● **Directions for this task**
Repeat the listing below line by line, exactly, leaving its pictures behind.

● **Supplied information**
^^^^
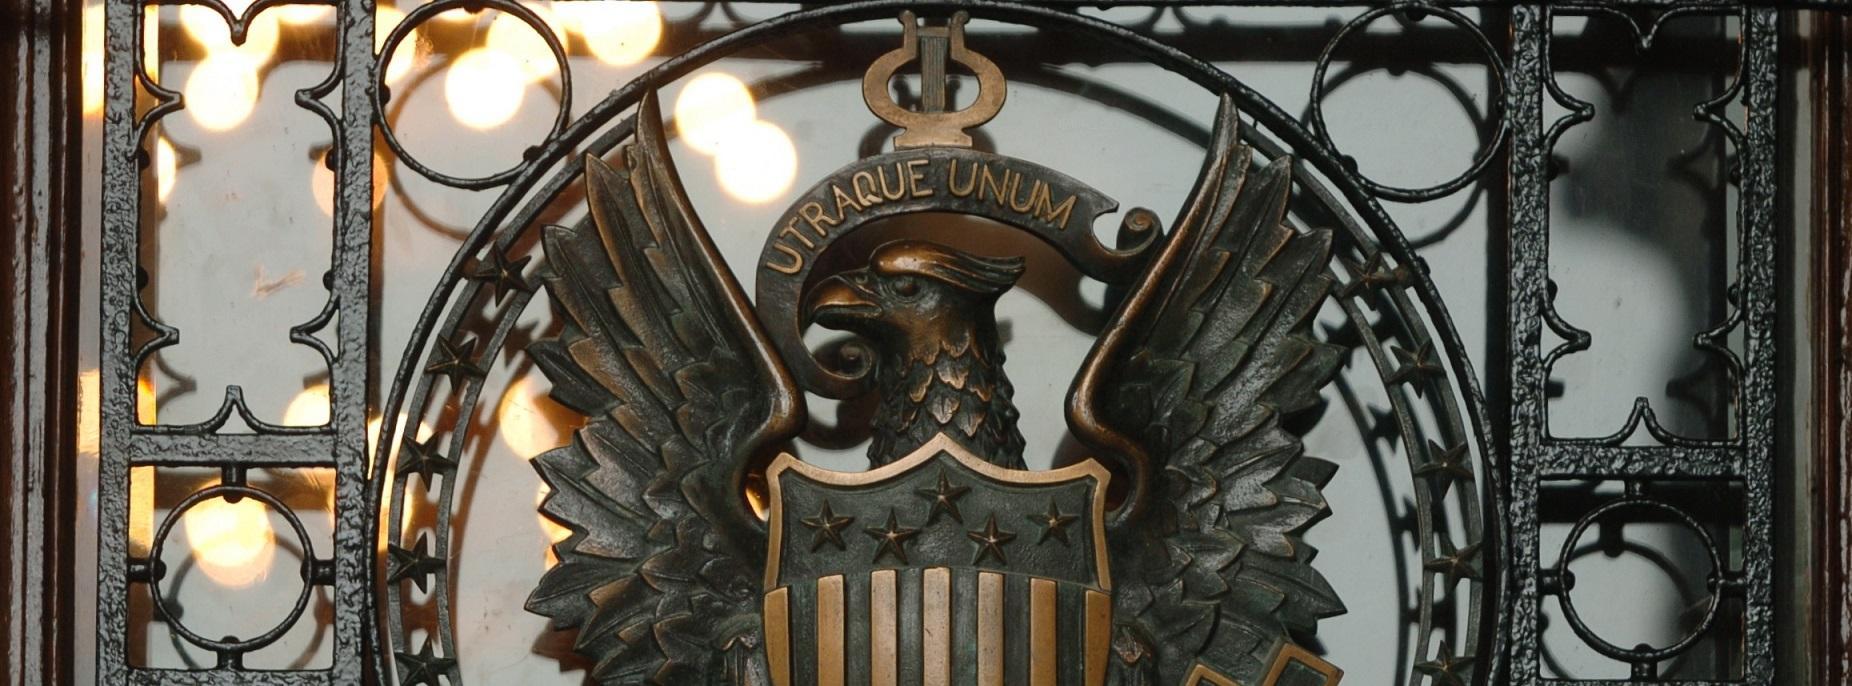 Georgetown Emblem
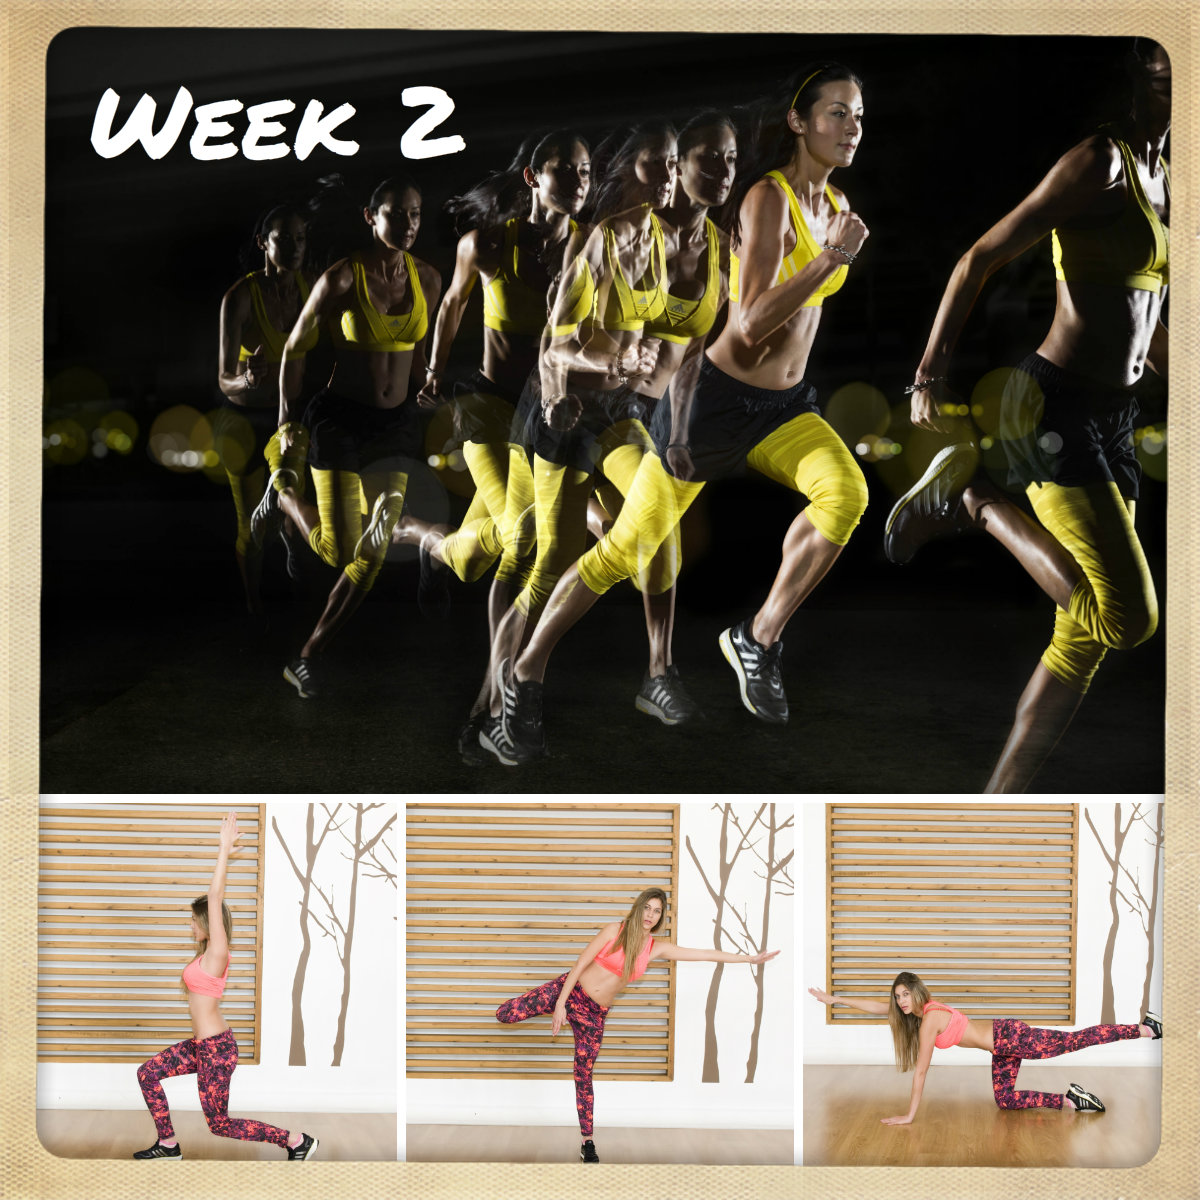 1 | 21 Days For The Perfect Body! Μπες δυο νούμερα στο τζιν! Δεύτερη εβδομάδα
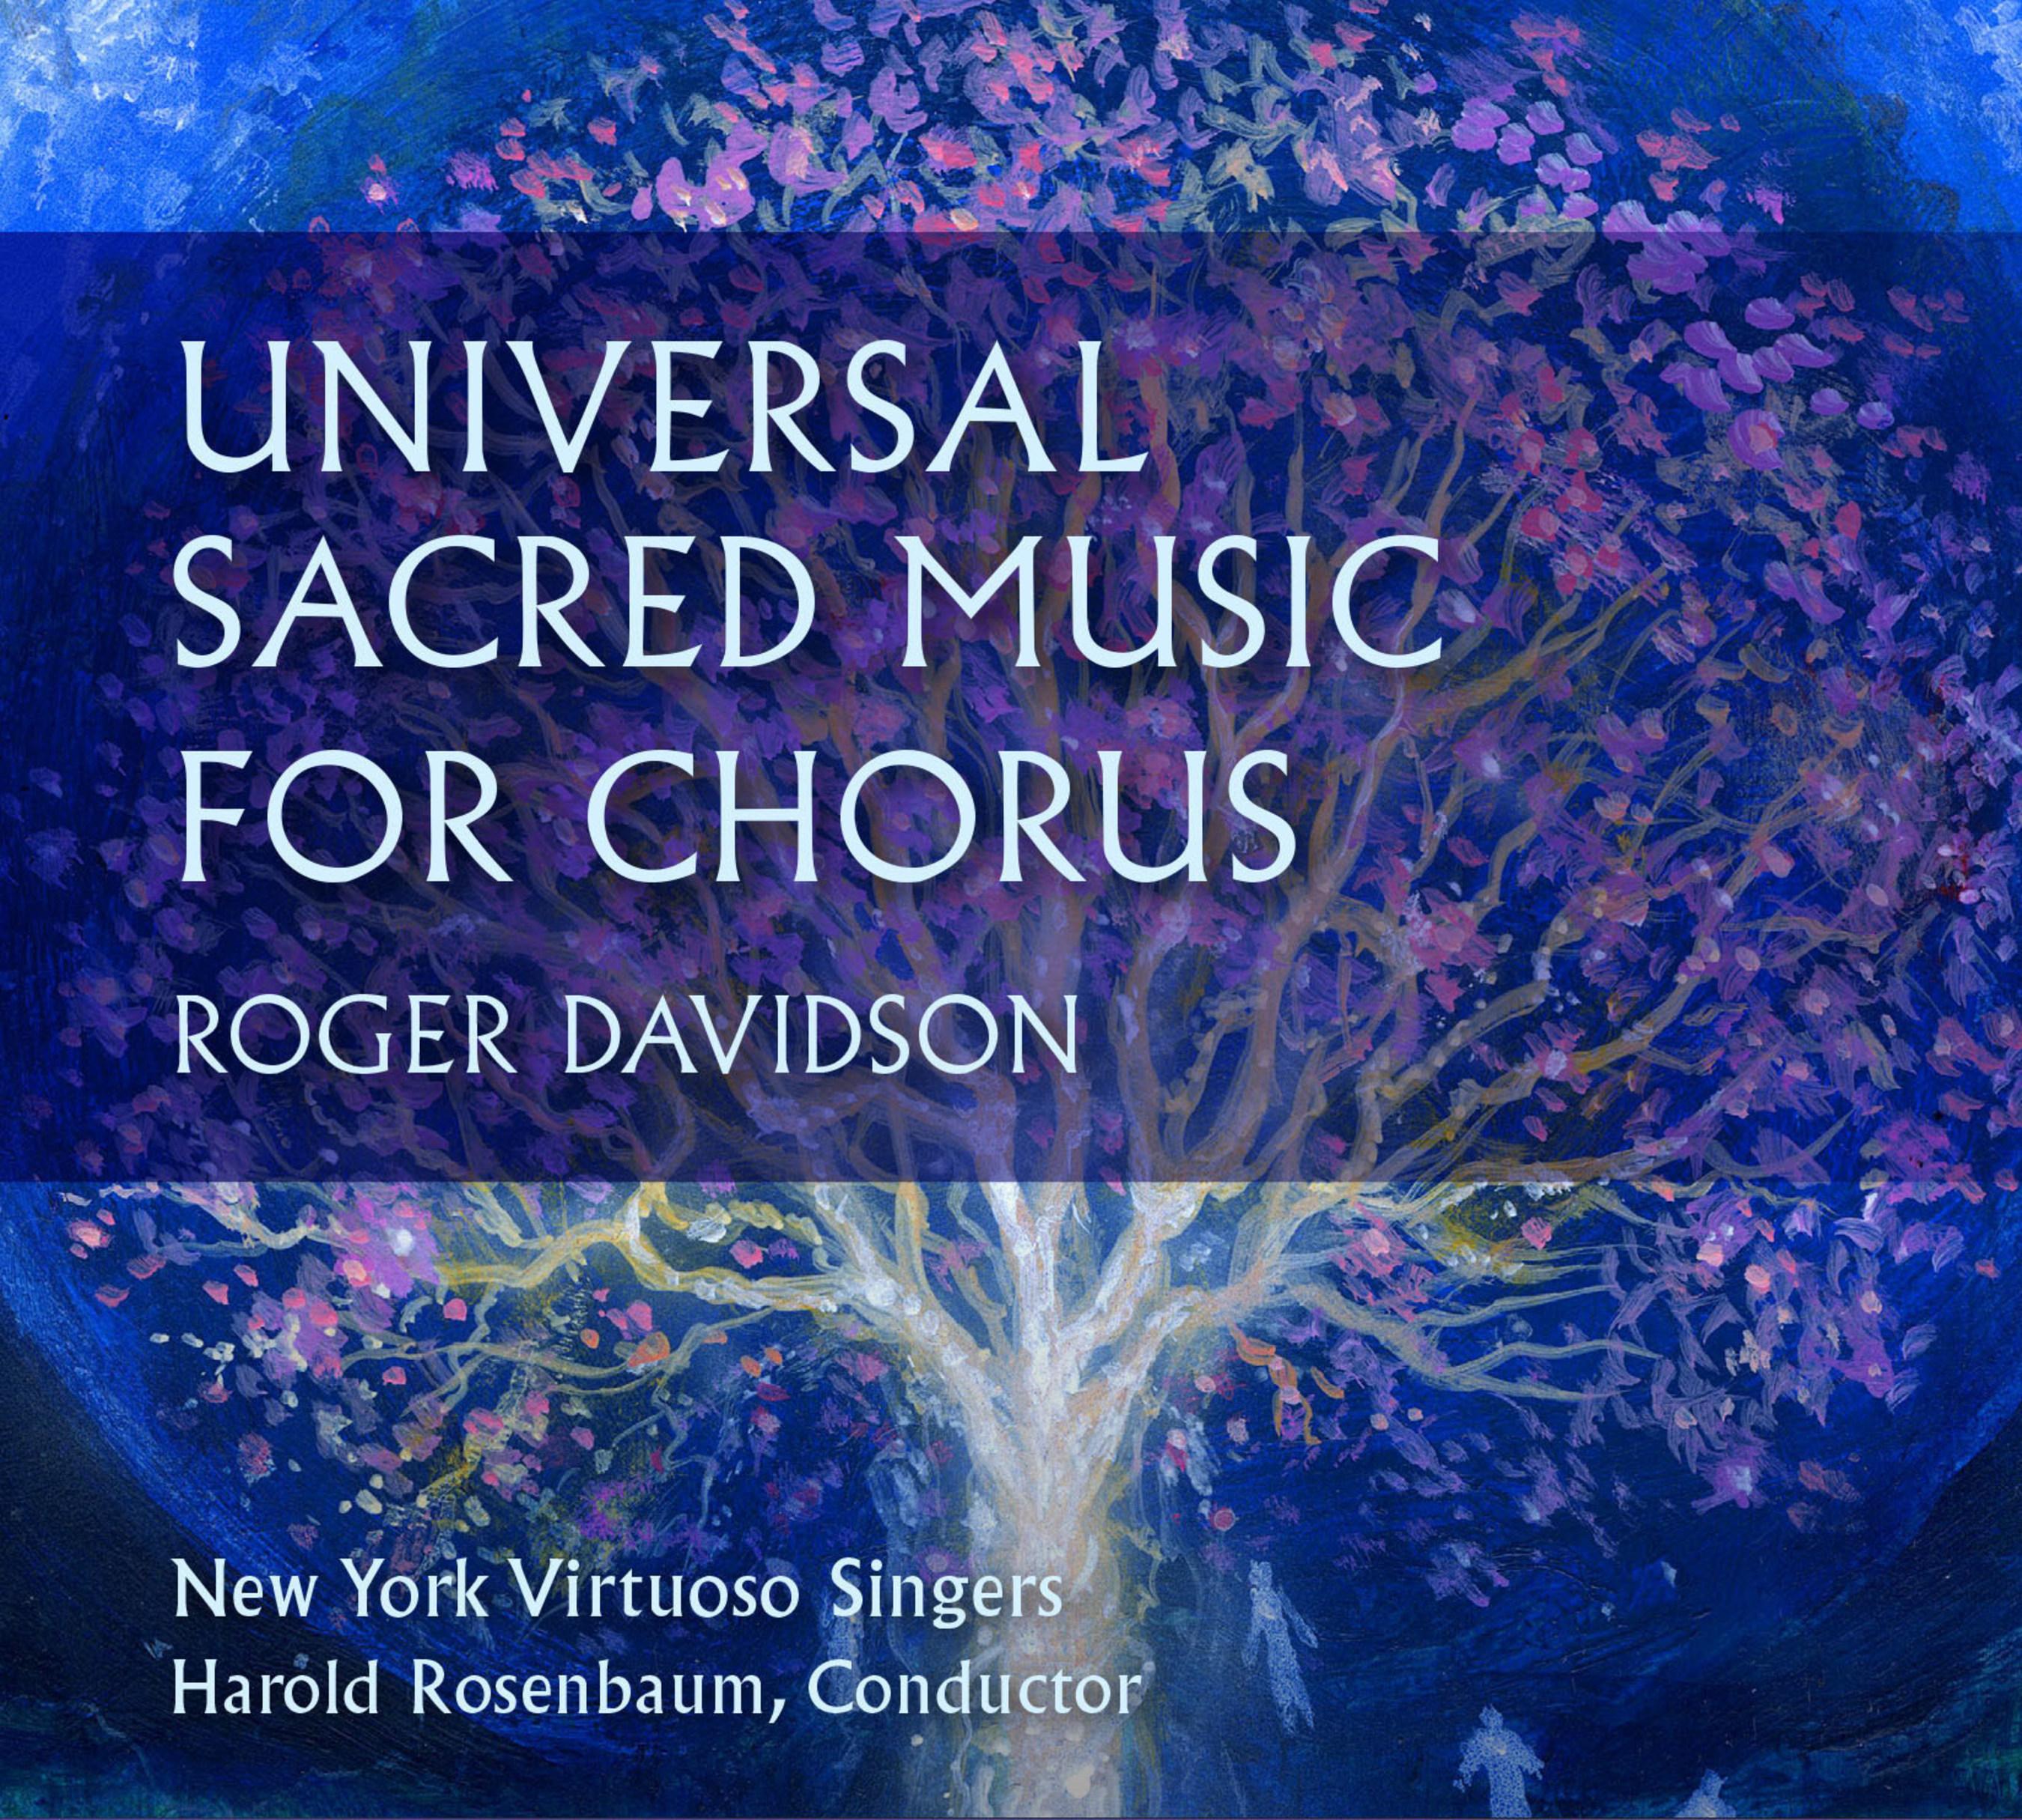 Soundbrush Records Presents Universal Sacred Music for Chorus, a New Album by Roger Davidson
^^^^
● **Task output**
 Georgetown Emblem
 1 | 21 Days For The Perfect Body! Μπες δυο νούμερα στο τζιν! Δεύτερη εβδομάδα
 Soundbrush Records Presents Universal Sacred Music for Chorus, a New Album by Roger Davidson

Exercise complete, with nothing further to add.